しかし、この言葉は私たち仏教徒には近しく
「一つひとつは弱く見えても天地の恵みに支えられて年々歳々咲く花のごとく、人も支えられ、生かされているかけがえのないいのちを生きているのだ」
という宣言として理解されています。
今の子どもなら、生まれてすぐに七歩あゆまれて云々などという話には端から疑ってかかるかもしれませんが、表面的なとらえ方ではなく、その内容をしっかりと伝えたいものです。



私が働く青松寺においても、「はなまつり」の日には、釈尊のお誕生をお祝いしましょうと近隣の方々に呼びかけますが、関心を持たせる努力が不足しているのか、世間もこの日をクリスマスほどには注目していないことにもどかしさを覚えております。また、呼びかけられてはじめてこの日を知る都会の若者に接して、クリスマスのように親しんでもらう何らかの工夫も必要なのではないかと感じております。
青松寺のホームページを見て「写経の会」「お袈裟を縫う会」「正法眼蔵に学ぶ会」に参加を申し込んでくる若者が増えています。積極的な情報の発信も必要であることを実感している次第です。

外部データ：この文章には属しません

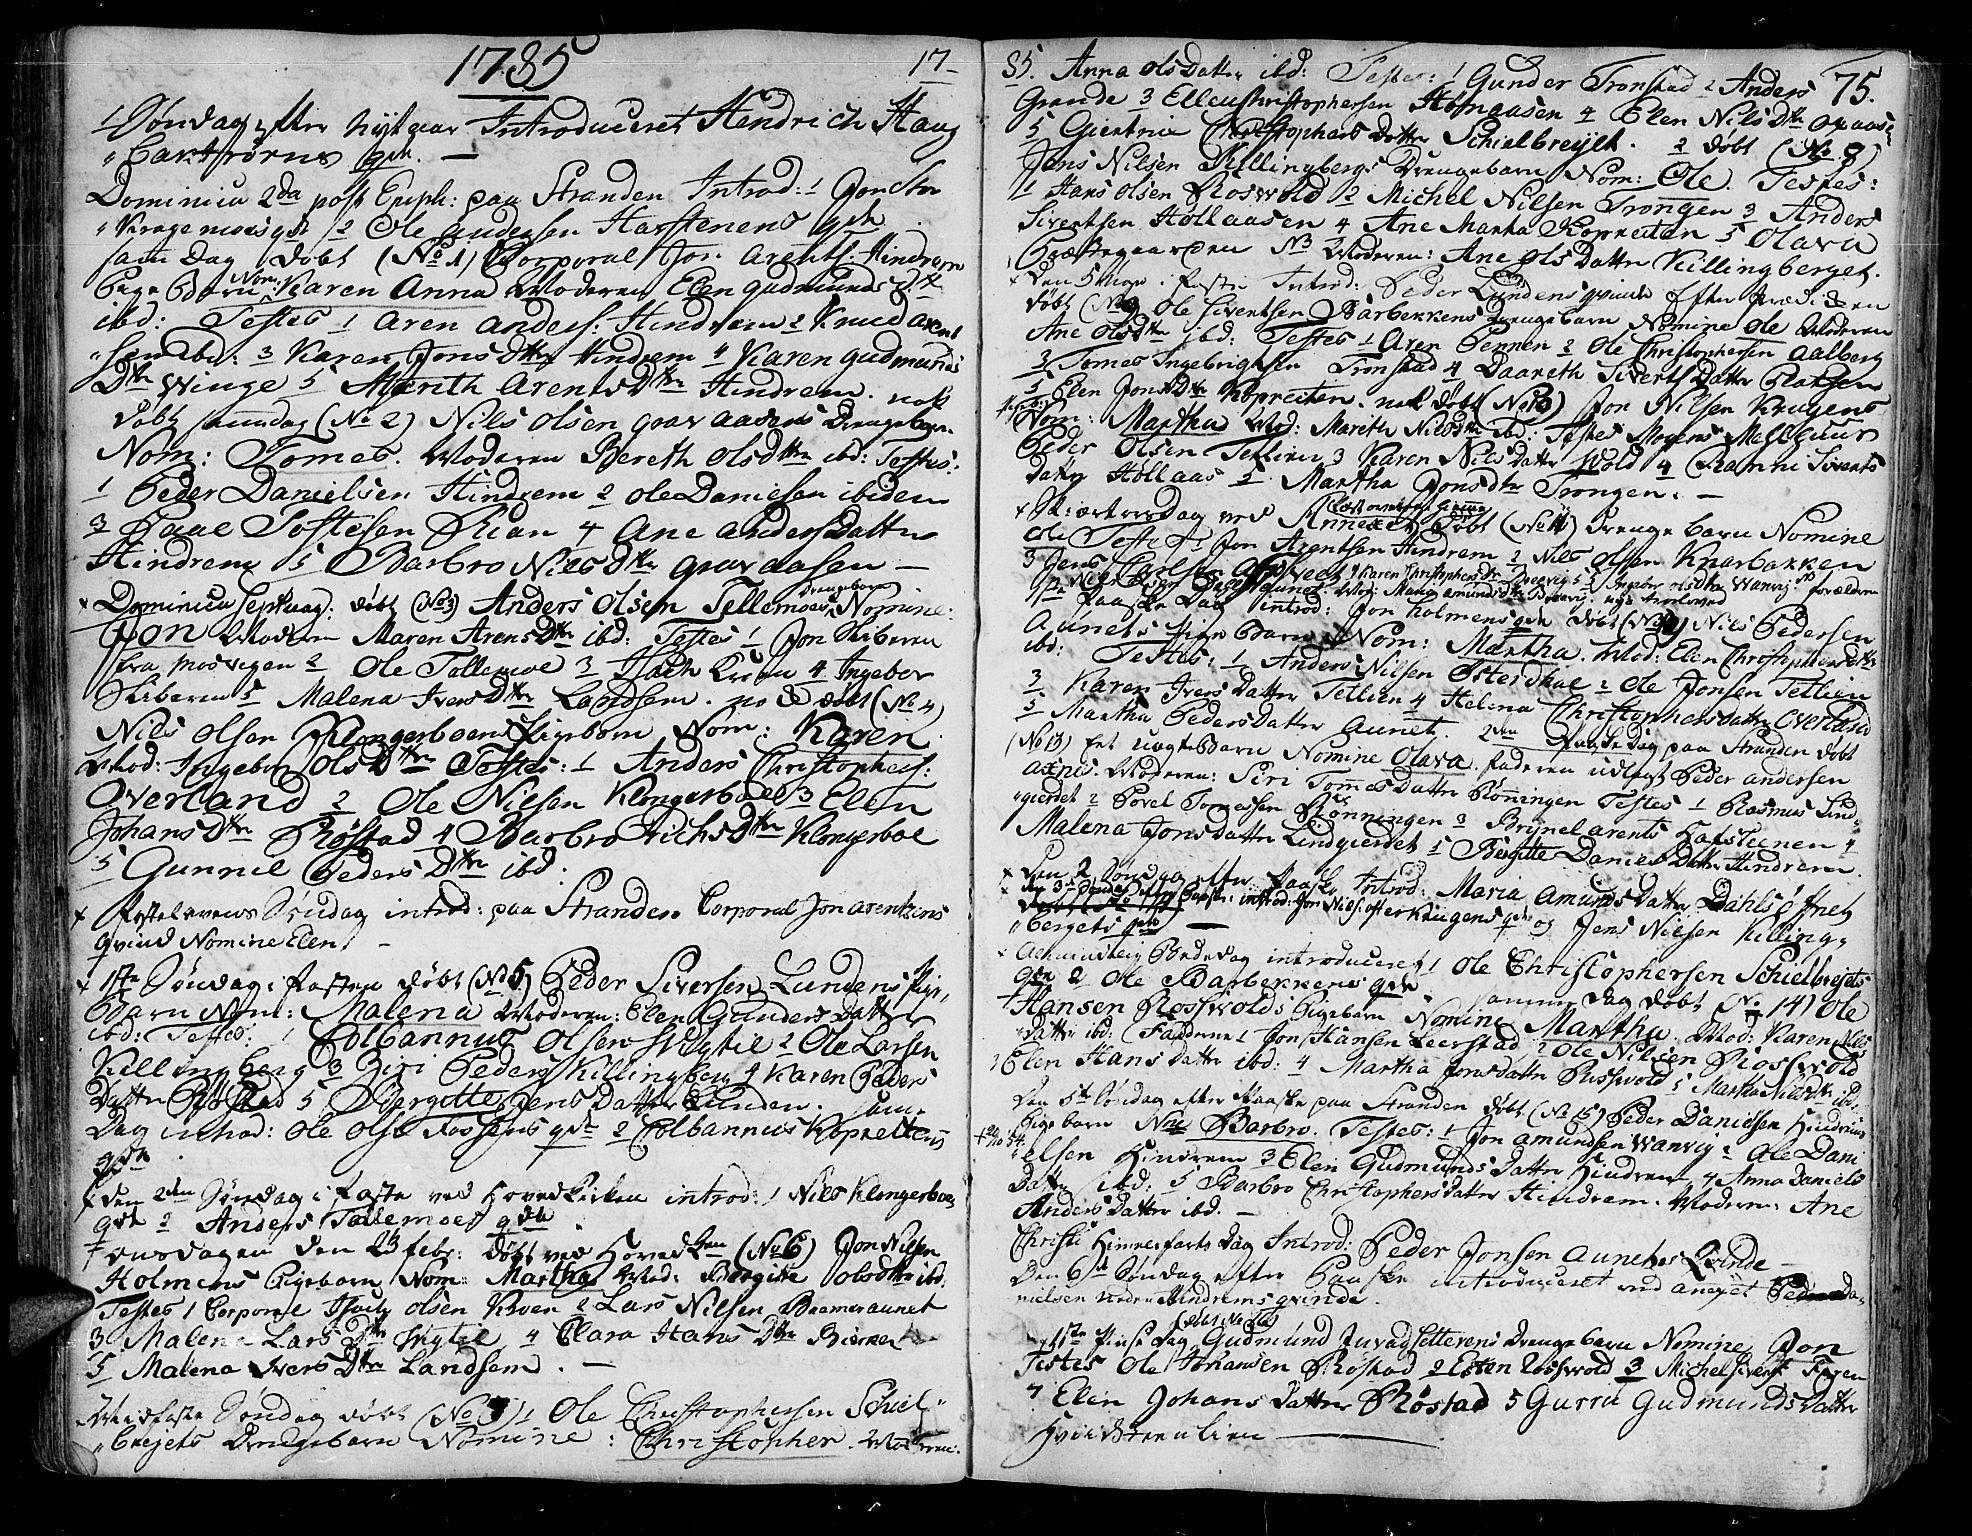 SAT, Ministerialprotokoller, klokkerbøker og fødselsregistre - Nord-Trøndelag, 701/L0004: Ministerialbok nr. 701A04, 1783-1816, s. 75
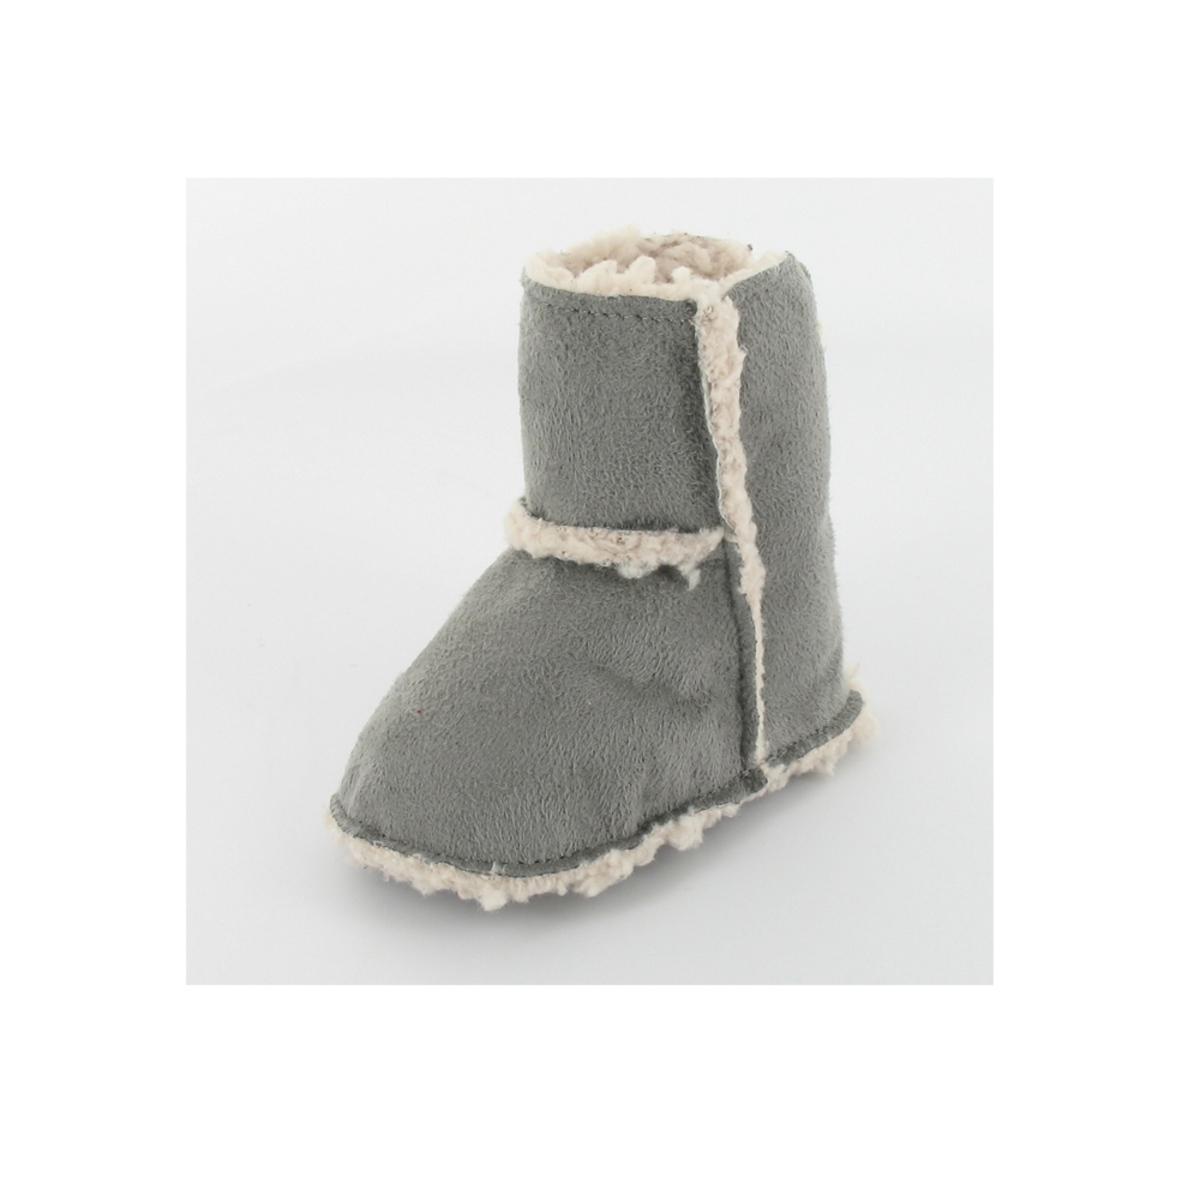 Mon petit chausson Bottes Fourrées Colline 0 3 mois - Gris - LDLC ... 59bfb7d7ad24

「誰も彼も、一人残らずみんな不幸なのだ。この世に幸福な人間はいない。けれども、木や草や山や川がそこにあるように、人も自然の中に生まれたからには、ちゃんと意味をもって生きている。あらゆるものとつながりを持って。・・・目を見開いて見渡せば、世界は今日もこんなに美しい。どの生命もどの生命も皆光り輝いている」
とは、劇団 黒テントの佐藤信氏の脚本・演出による『ブッダ抄』という劇中での「目覚めた人・ブッダ」のことば。「かけがえのないいのちの自覚」を私たち一人ひとりに呼びかけています。
苦しみのない命、 誰とも関わらず人に迷惑をかけることのない命などありません。誰もが苦しみ、それゆえに支え合って生きていくのです。老病死そして生の苦としっかりと向き合った、仏教ならではの深い人生観、世界観です。「天上天下唯我独尊」とはまっすぐにつながっています。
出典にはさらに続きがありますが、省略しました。